> Work item:
An exact reproduction of the listing is wanted, with the pictures dropped.

> The data:

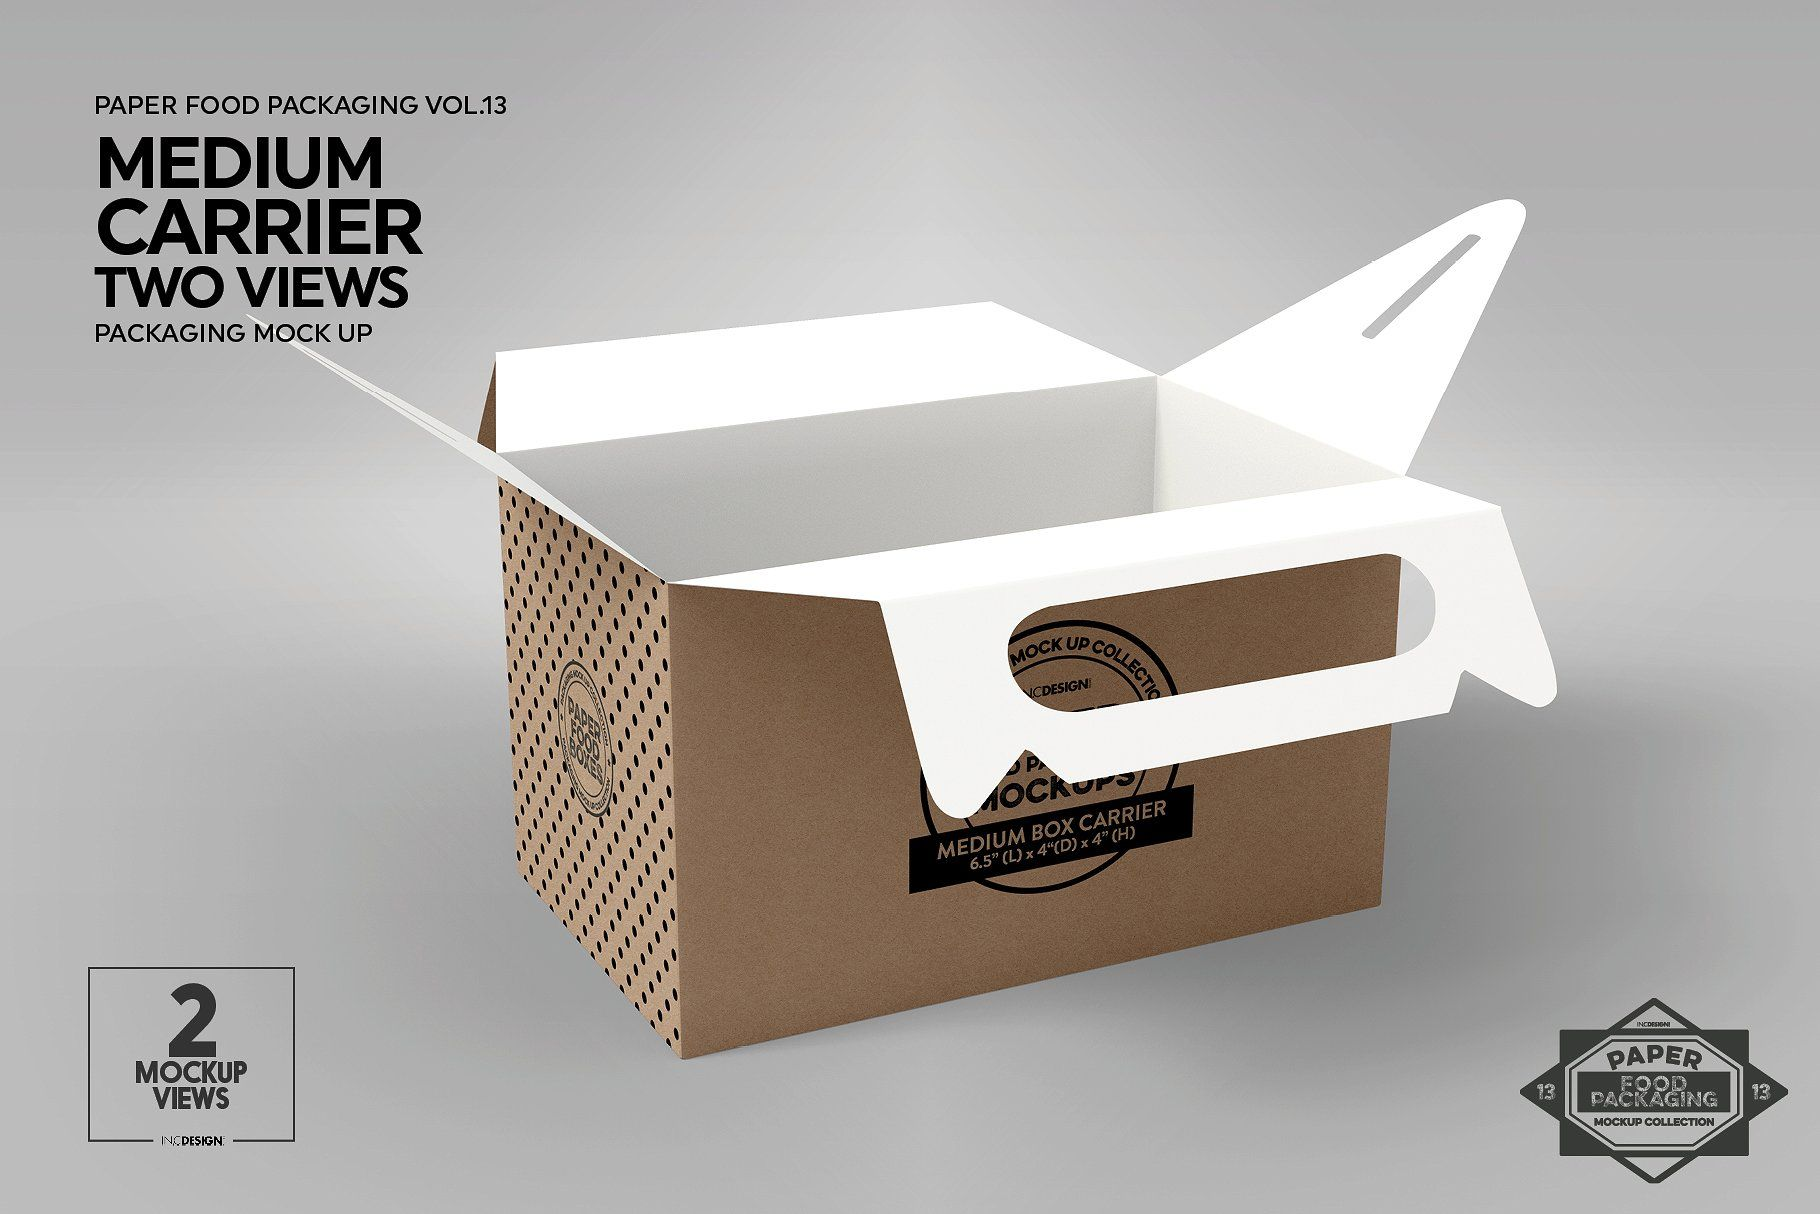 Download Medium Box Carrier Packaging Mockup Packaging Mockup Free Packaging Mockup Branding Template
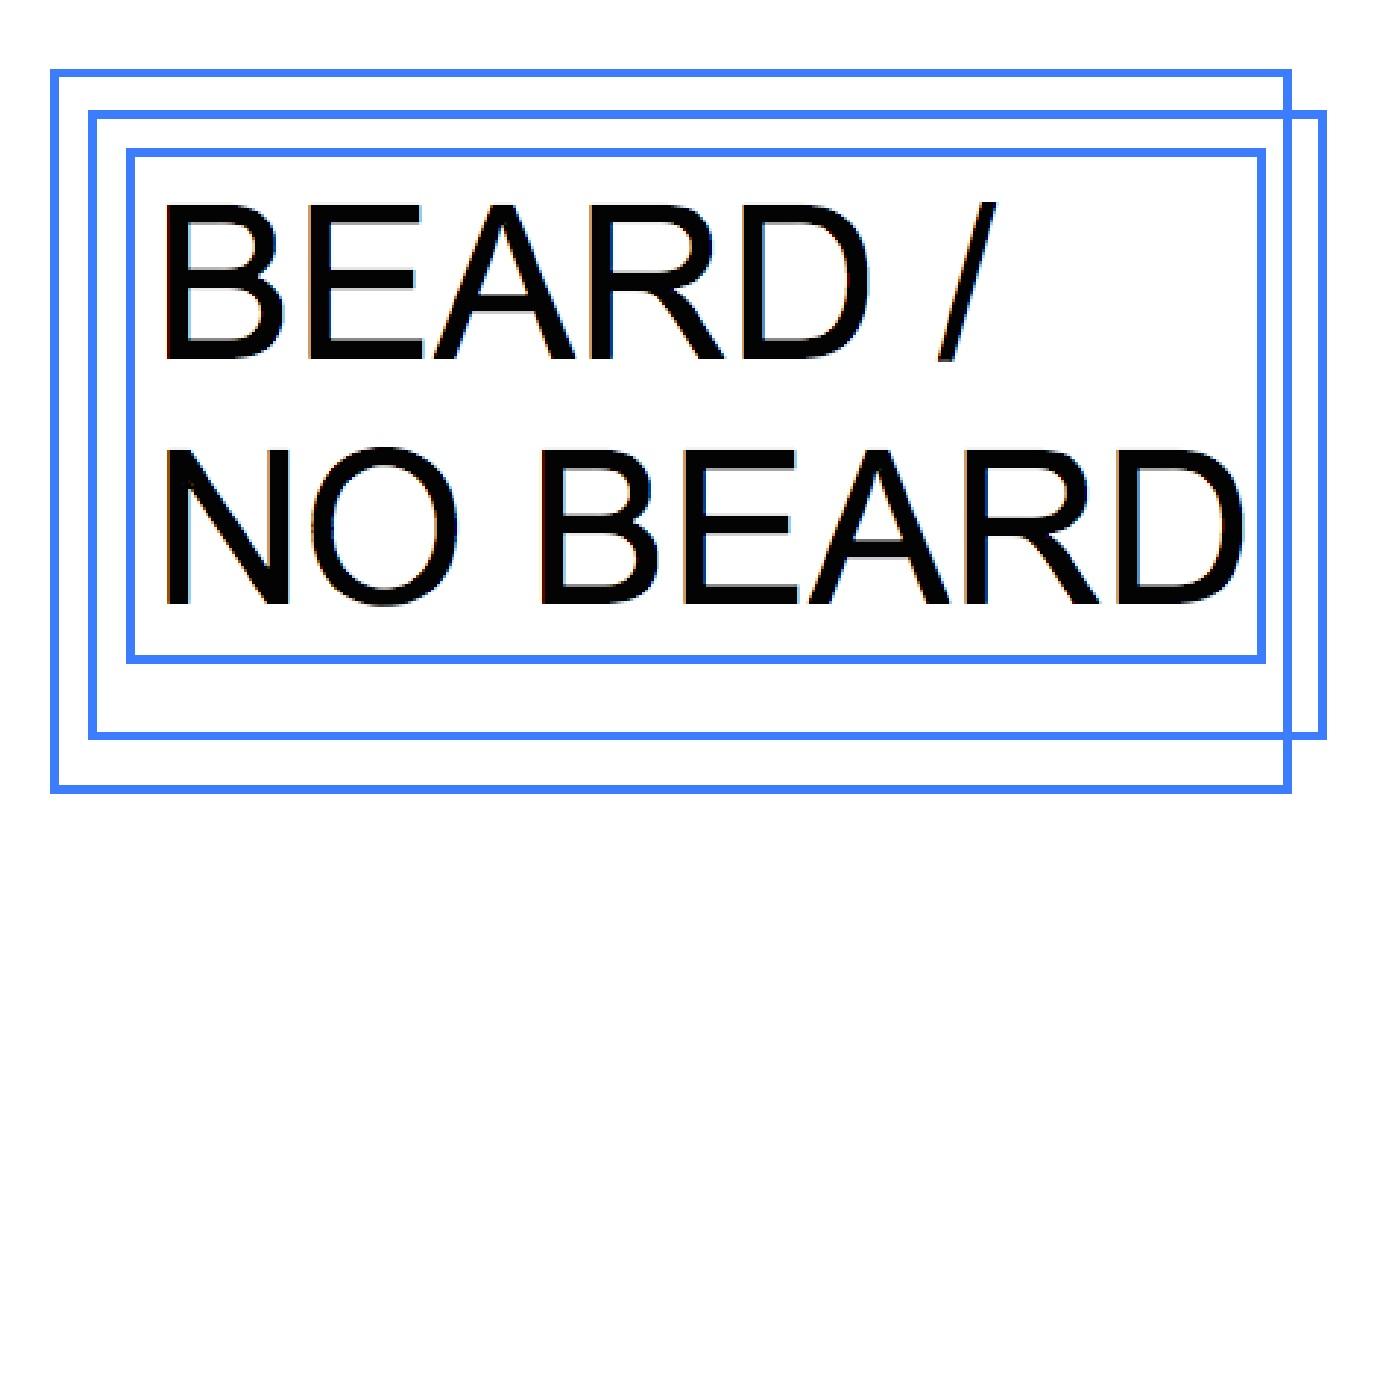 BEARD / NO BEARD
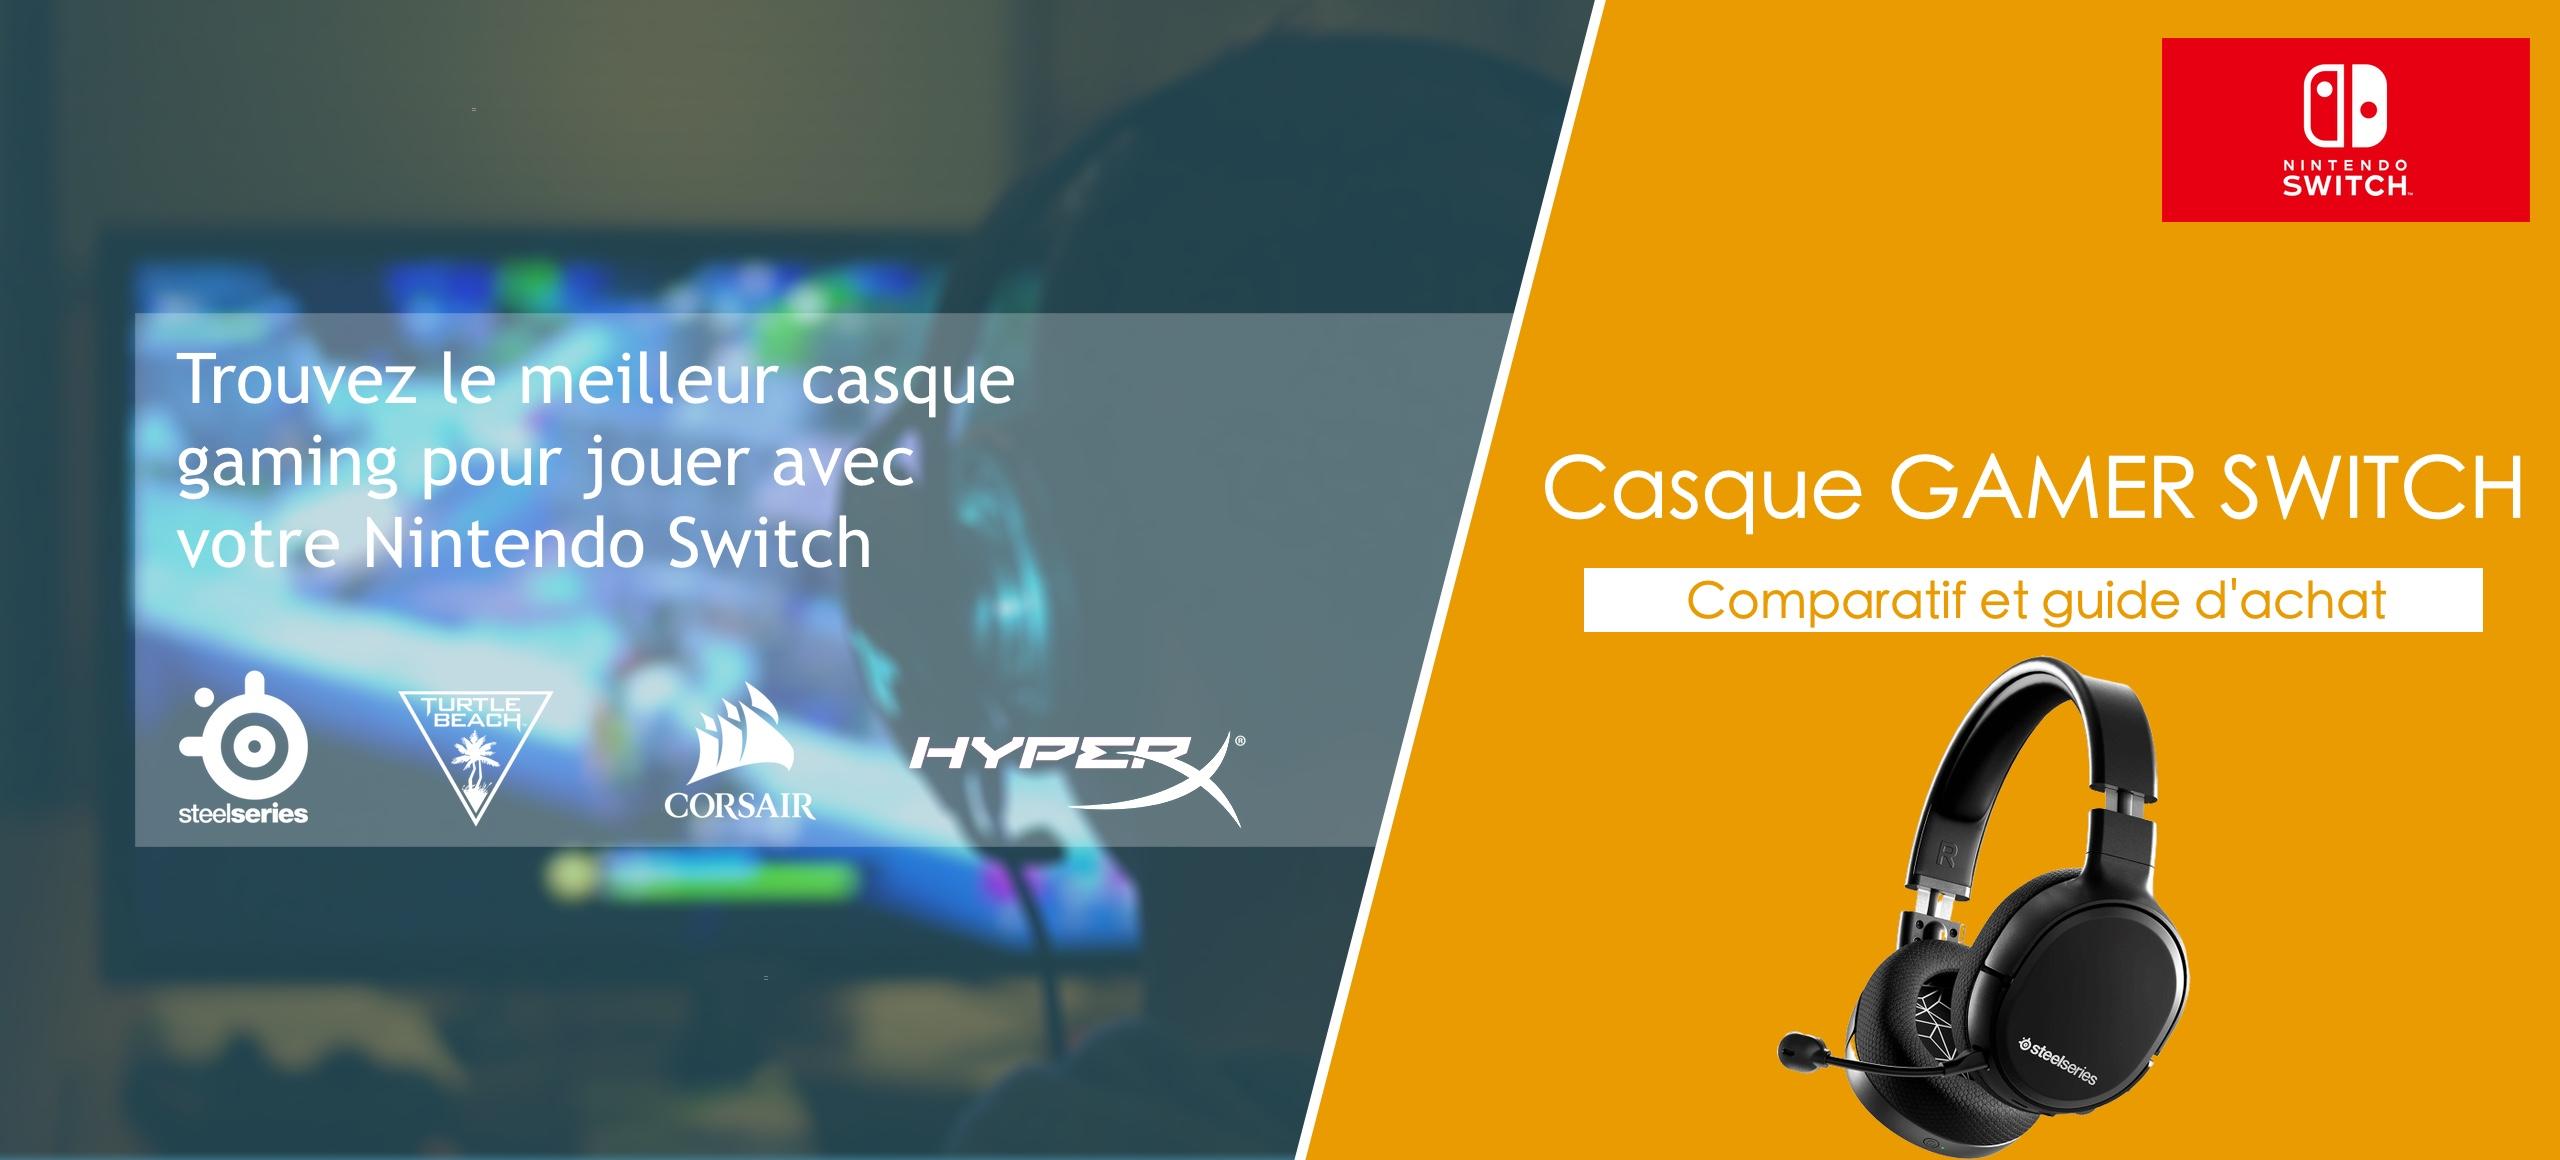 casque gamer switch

> Finished exercise:
 Download Medium Box Carrier Packaging Mockup Packaging Mockup Free Packaging Mockup Branding Template
 BEARD / NO BEARD
 casque gamer switch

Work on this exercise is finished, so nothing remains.